First off, yay! that this sounds like it's all going to work out and that nothing particularly bad is going on.

It's great that all you mefites automatically assumed that everyone in Malawi (or any other 3rd world country) is corrupt and hostile and you can buy your way out of a bind. Obviously Freaking out was not the answer. Your fiance should have paid attention to her papers/receipts. The authorities weren't holding her hostage, they were doing their jobs, so why the hell would they accept a bribe. Jeeez.

I would really love to have the luxury of this sort of self righteous indignation. I'd love to live in a world where I could safely assume that everyone has the best of intentions and could be counted on to be "just doing their jobs" when they pull you out of your hotel room at 3 am for having a visa that is 5 days overdue. One where ex pats are never targeted, where charges are never made up, where human rights abuses don't happen, where truth, justice and liberty are the norm and not the exception.

The thing is for a good deal of the people in this world, this is just not reality.
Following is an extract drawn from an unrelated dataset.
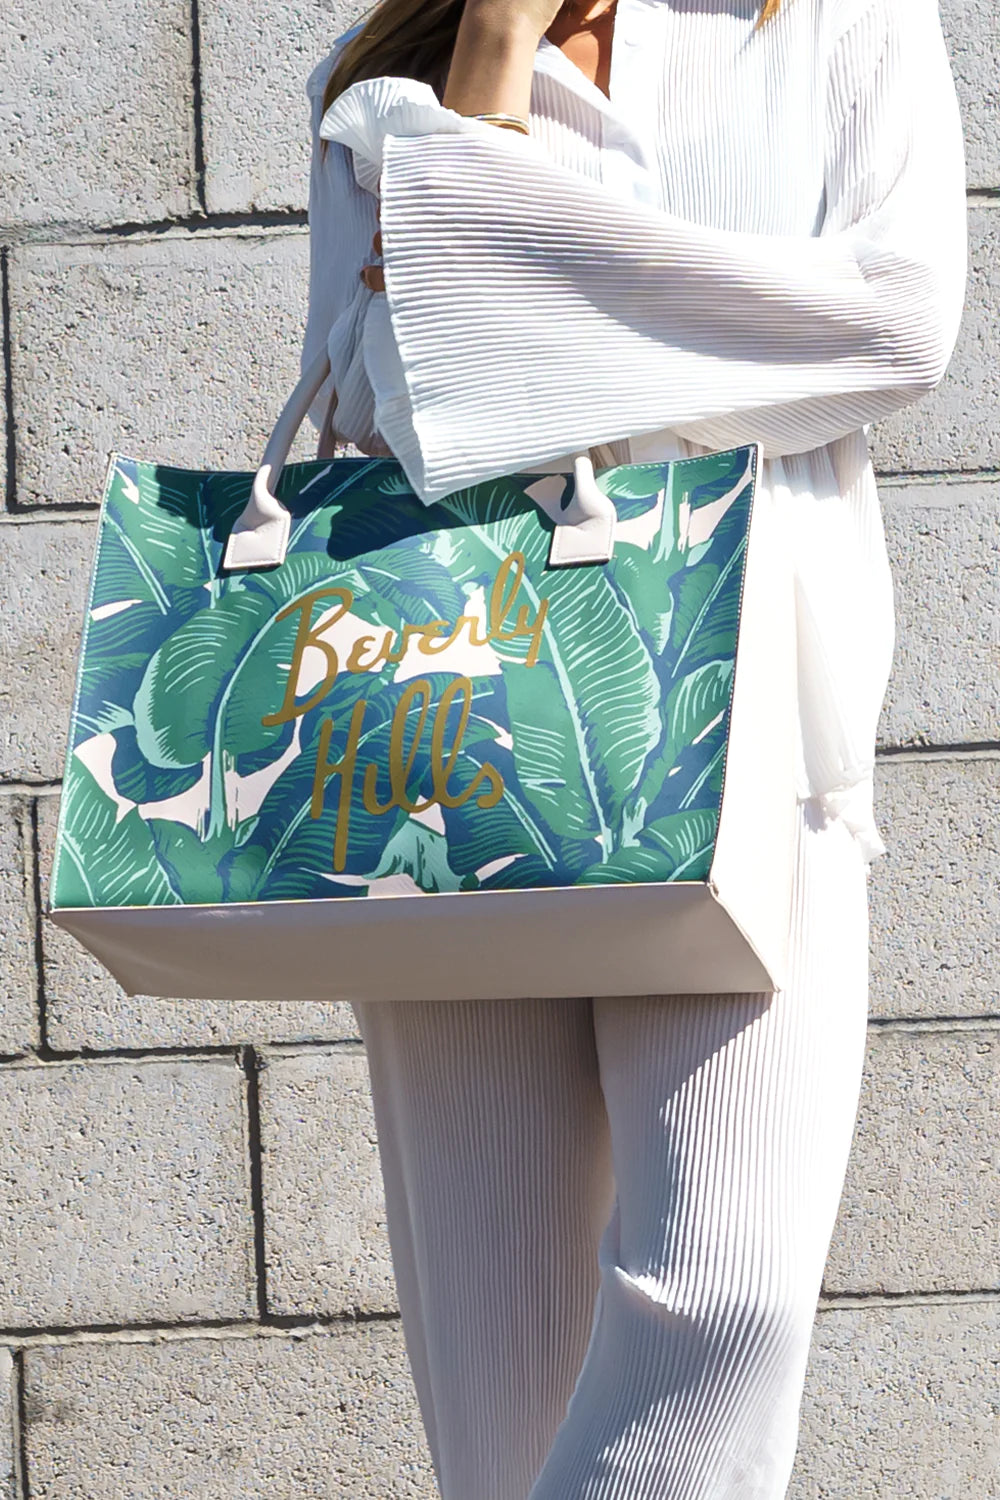 Beverly Hills Leaf Tote Bag (White/Green Leaf)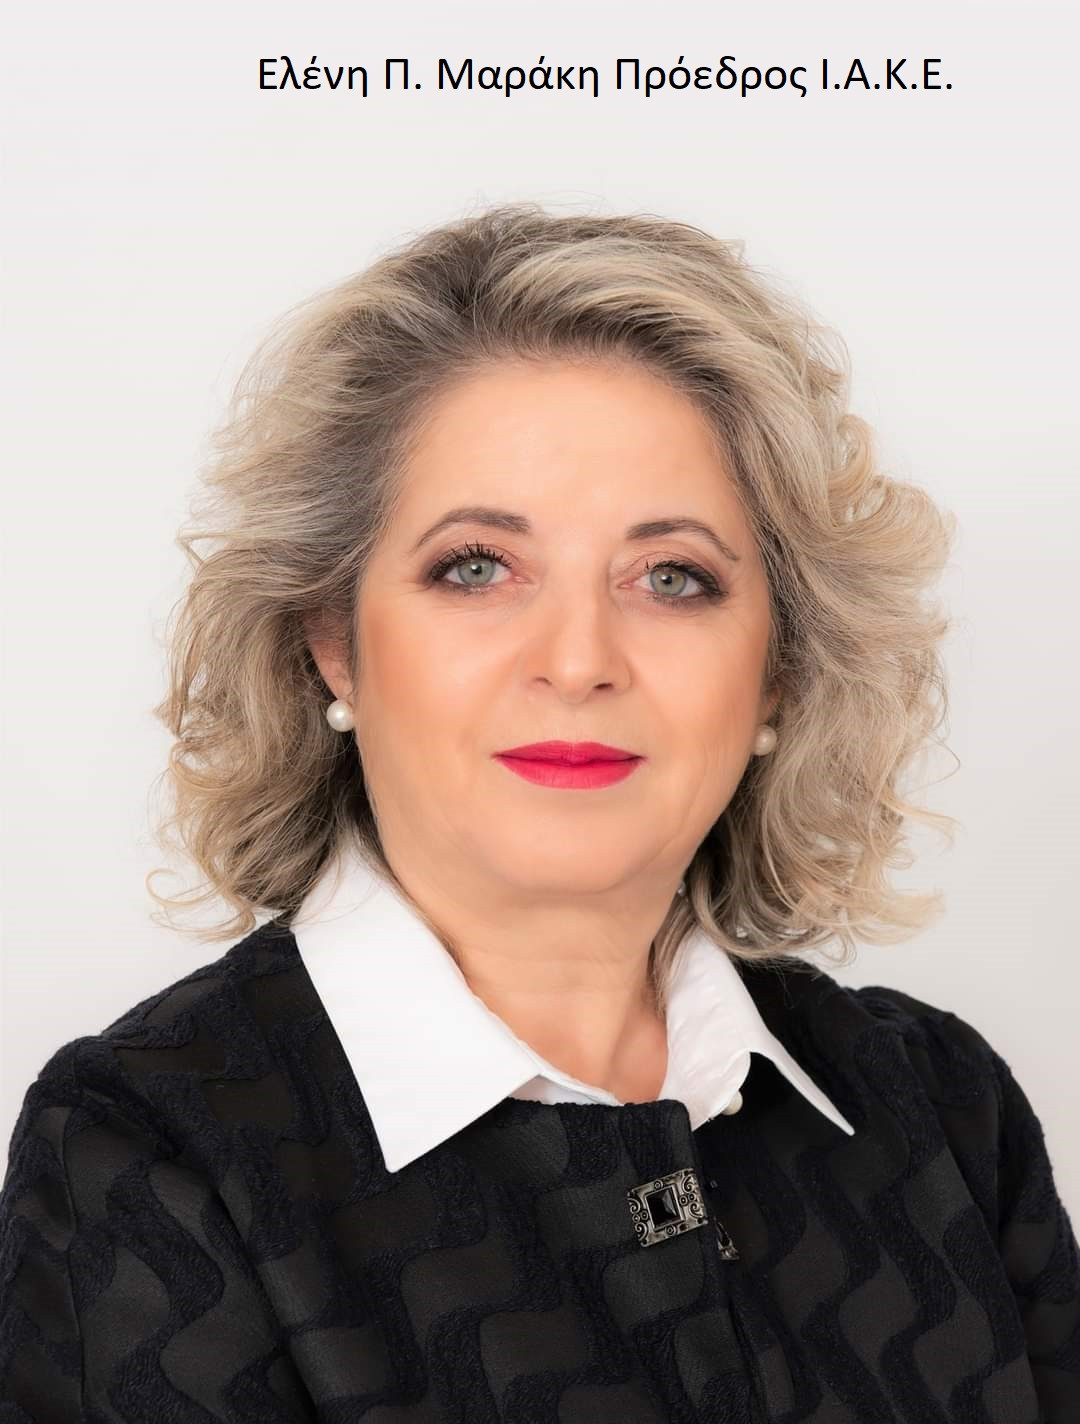 Η πρόεδρος του ΙΑΚΕ, κ. Ελένη Μαράκη

Their governments are partly or largely corrupt. Bribery is understood as just being part of the cost of doing business. Penalties are severe. Enforcement is discriminatory. Due process largely non existent. Now this is not a reflection on the people of that country, but on the government that exploits them. The kind of oversight and transparency that exists in the western world is basically non existent in many countries. Now just stop for a second and think, the US is hardly without its due process and human rights abuses. Imagine what it would be like if we had minimal infrastructure, no oversight, no checks and balances, etc etc.

So of course you pay bribes. You do whatever the hell you need to do. You go to another country, you are playing by their rules. It isn't racist. It isn't imperialistic. It's just reality.

(I am not talking about Malawi here, I've never been there and I have absolutely no idea what their justice system is like.)